HorusraHorusra maryland, MDPosts: 2,607Member Uncommon

This thread should be a place to post things to do and or look for.  Save the discussion about why's and how's for other threads.


1. Don’t give your Warcraft username/password to anyone.

Including WoW power-leveling services. This seems like common sense, but many have fallen victim to the allure of having a level 80 toon. If you want to level quickly, buy a legitimate WoW leveling guide or WoW class guide to teach you how. Giving your account information to a WoW leveling service just gives your account away.

2. Use a different username/password for WoW-related websites.

Does anyone remember the GuildPortal hack of 2007? Many users found their accounts stolen after hackers exploited the site and gained access to many usernames and passwords. Unfortunately for many users, they used the same username/password for WoW and GuildPortal. Guess which GuildPortal users got their accounts stolen?

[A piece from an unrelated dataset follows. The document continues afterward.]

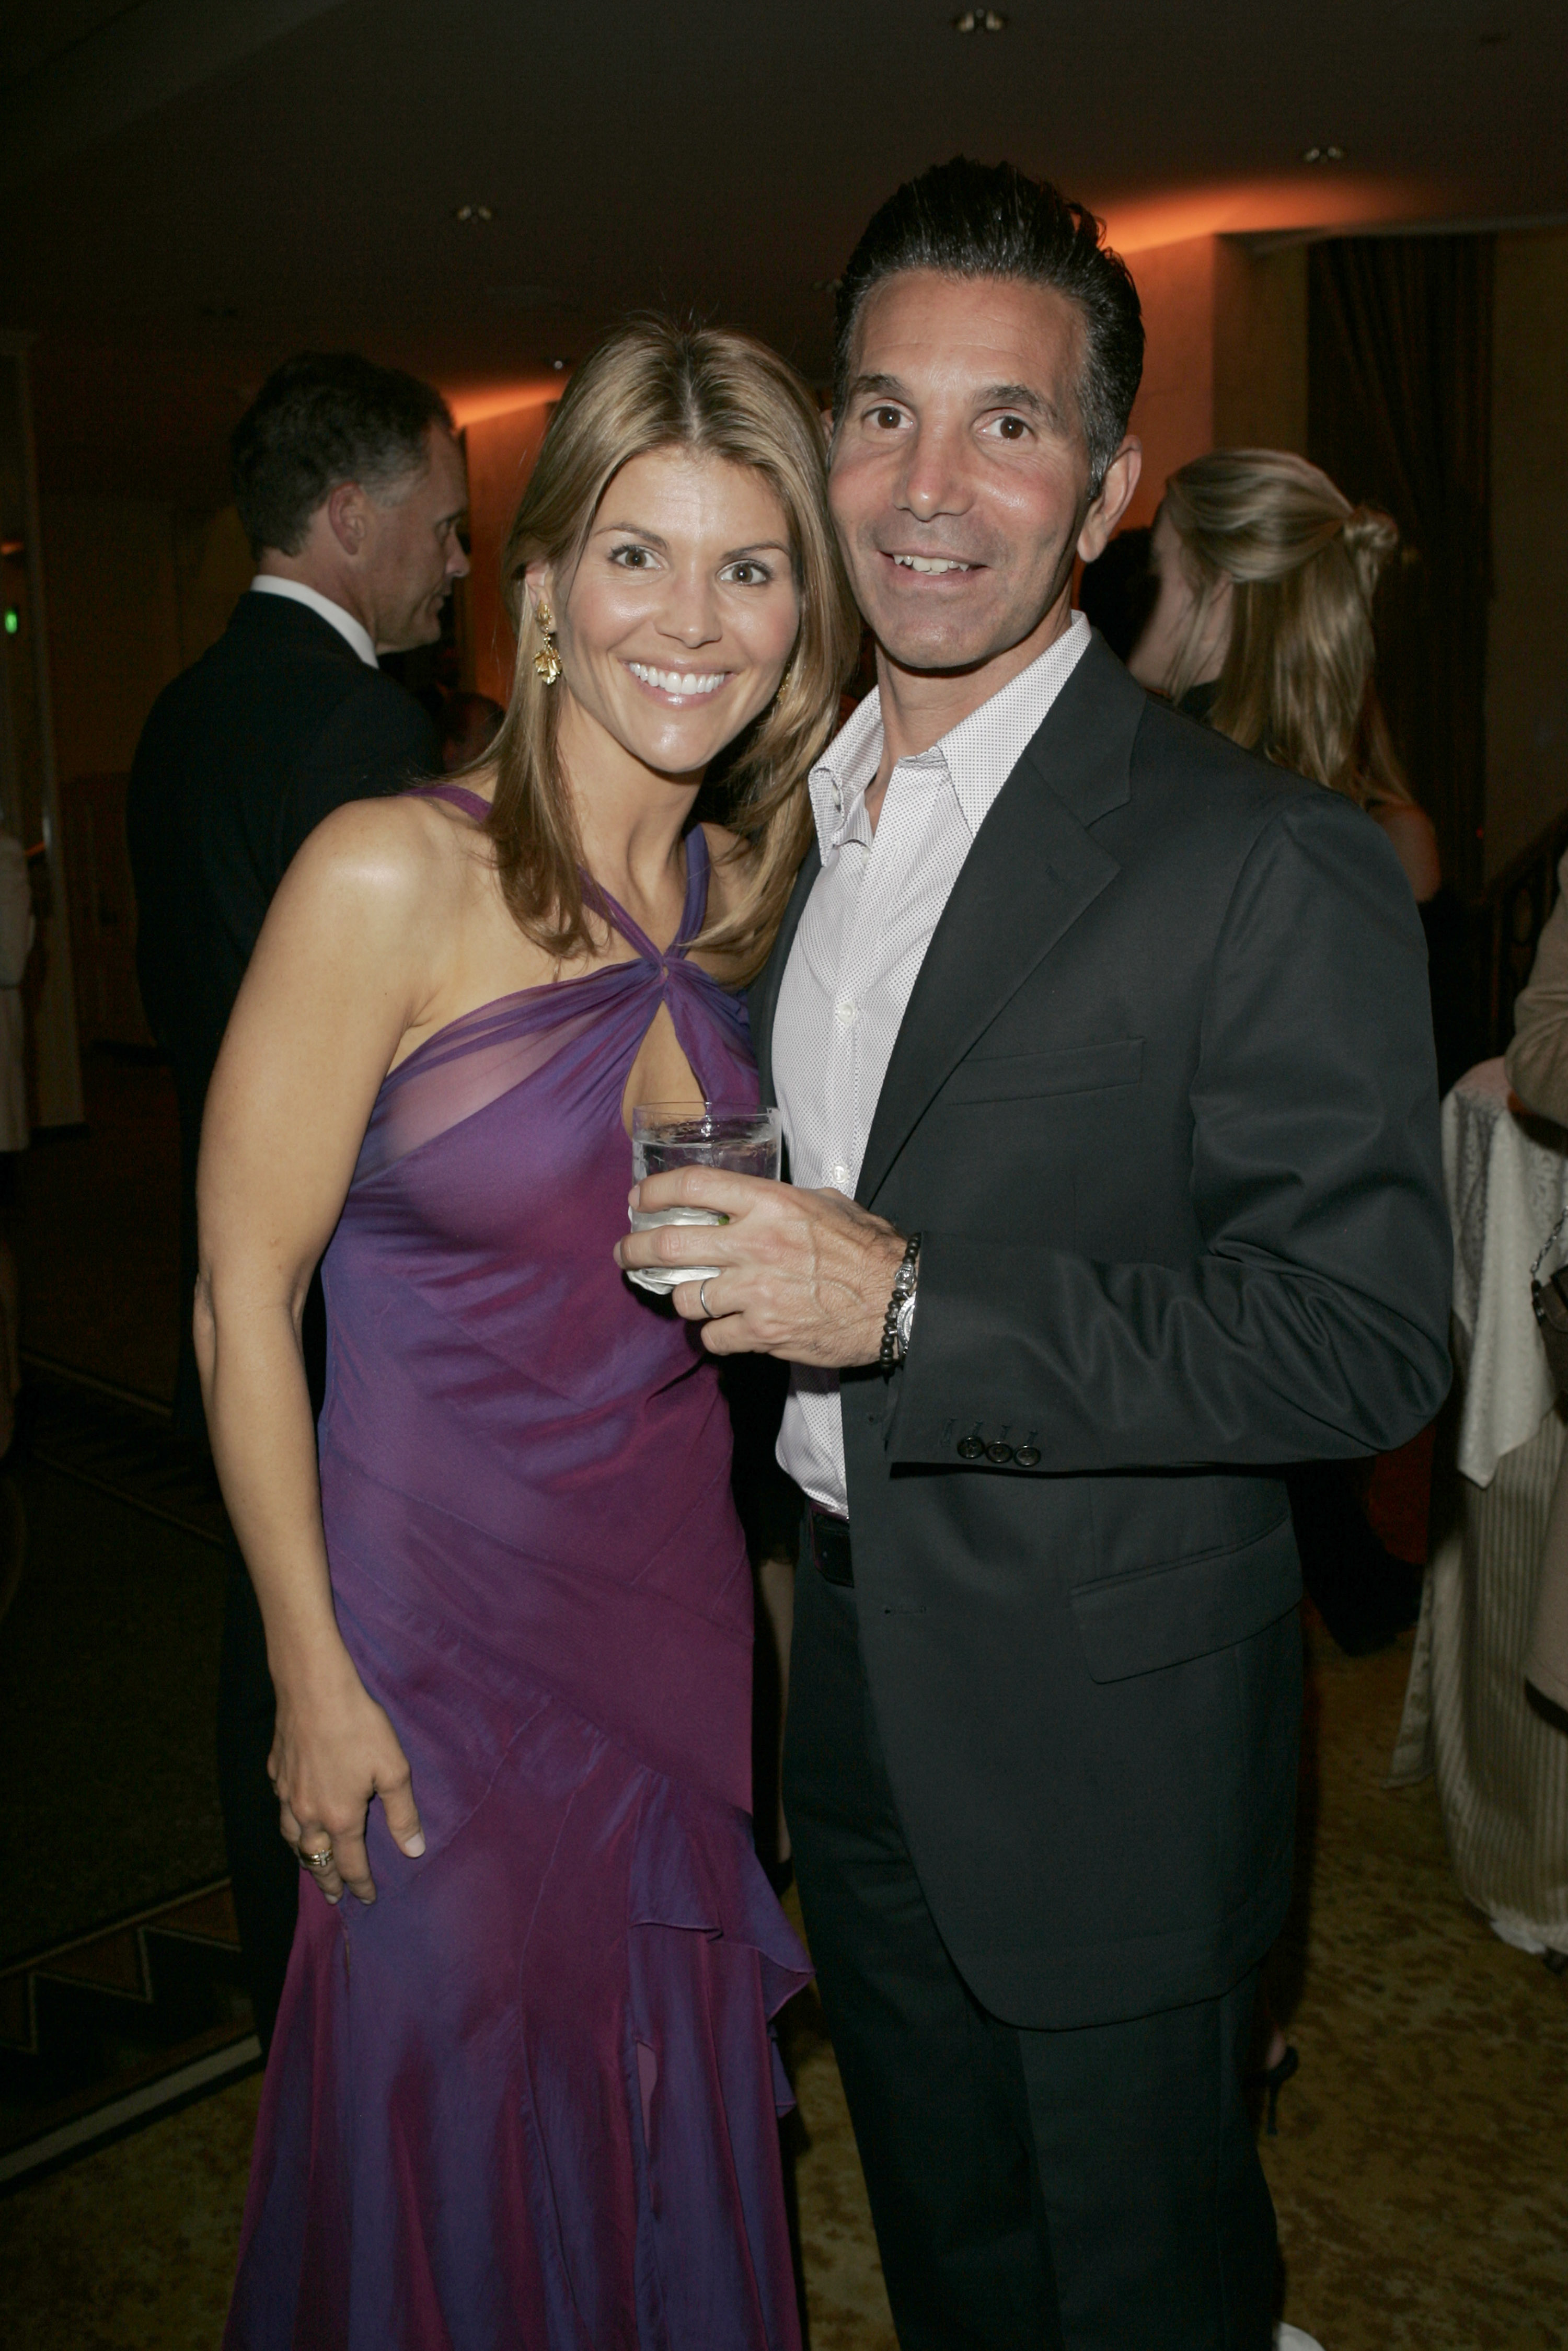 Lori Loughlin and Husband Mossimo Giannulli's Relationship Timeline

3. Never buy Warcraft accounts.

Yeah, the allure of being a level 80 immediately is there, but you can use Zygor’s Guide and be there in less than seven days. You may get the account banned (especially if you bought the account from someone who plays on a different continent), or more likely stolen back along with whatever you paid for the account.

Remember where I pointed out you can use your ID (drivers license, passport, etc.) to get your account back? Well so can whoever sold you the account. And who are you going to complain to?

4. Don’t buy WoW gold.

Ooohh! A shiny!

Well, that shiny that costs a few hundred (thousand?) gold can be had for about $15 per 1000 Warcraft gold pieces. And Blizzard can notice continuous deposits into your account of 1000 or 2000 gold. Bye bye account! Gold is not terribly difficult to come by, and there are several WoW gold guides that can show you how to master the Auction House, great farming locations, and tips the best gatherers and professionals use

and all legit.

5. Never share your WoW account with a friend.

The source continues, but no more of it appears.